The Prince of Bogra
by Tasneem Khalil

Think you know everything about the crimes of Tarique Rahman? Think again. Tasneem Khalil blows the lid off the sensational untold story of Tarique’s sponsorship of Islamic militancy during the past five years
For five eventful years he ruled with an iron hand. And his lackeys were appointed across the country with the sole purpose of serving His Excellency’s dynasty. Bangladesh became their fiefdom while Tarique Rahman — eldest son of the then Prime Minister Khaleda Zia and BNP’s Joint Secretary General — presided over the darbar of all that was evil and corrupt.
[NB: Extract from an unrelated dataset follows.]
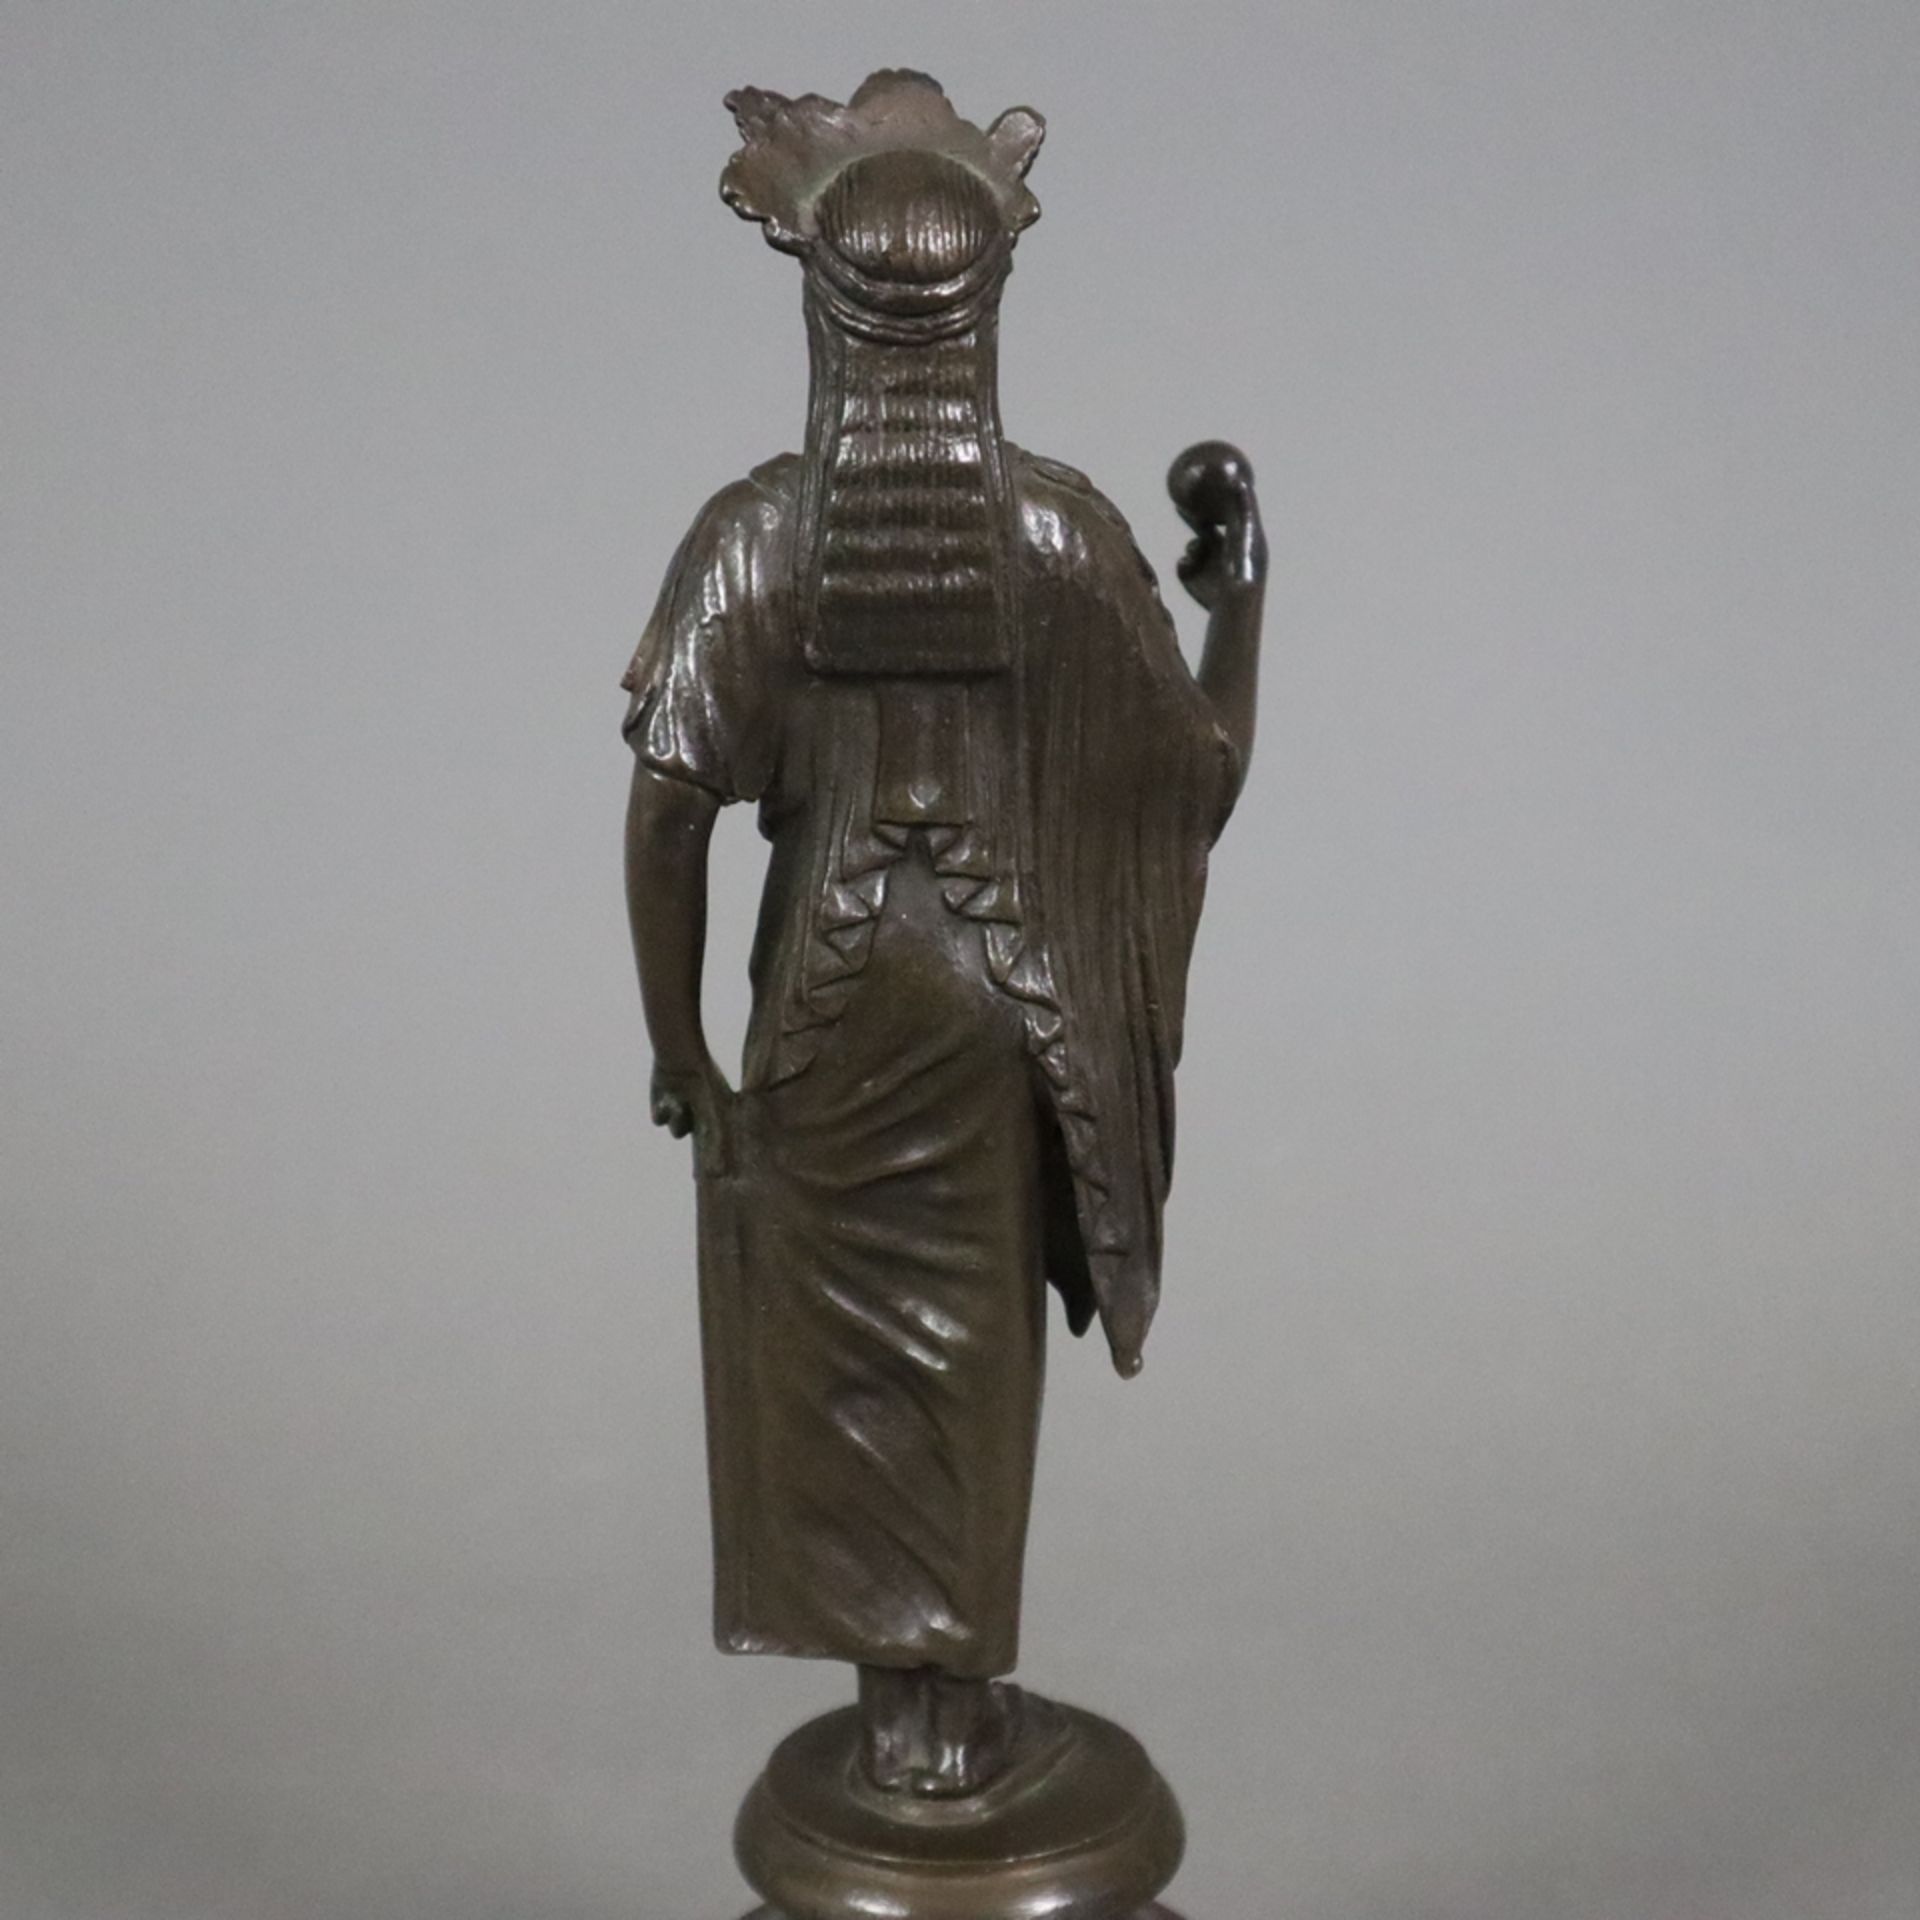 Figurine einer antiken Priesterin - Bronze, braun patiniert, antikisierende Frauenfigur mit Diadem, - Bild 8 aus 8

The top boss at Hawa Bhaban was the undeclared crown prince before whom everyone was supposed to bend down and submit.

After five long years, January 11 saw the fall of Hawa Bhaban and within weeks we watched in shock and awe how the military-backed interim government unceremoniously dispatched the Prince of Bogra to a prison cell at the Dhaka Central Jail. The story of Tarique Rahman came to an end. Then chapter by chapter the whole story started surfacing for public consumption. Years-old rumours and conspiracy theories got a fresh supply of blood and were confirmed as factual. The empire built by Tarique and his crony Giasuddin al-Mamun was exposed for inspection by the intelligence agencies and their findings started making headlines: bank accounts in Switzerland, Singapore, South Africa, Malaysia; investments in UAE; deals with Subrata Bain and Daud Ibrahim; Khamba Limited, Channel One, Dandy Dyeing, Orion, One Group; commissions, extortions, lobbying.

But not everything was exposed. Missing, till now, were two sinister chapters, Tarique Rahman’s sponsorship of the “jihad” that crippled and terrorized Bangladesh in recent years: International Khatme Nabuwat Movement and JMB.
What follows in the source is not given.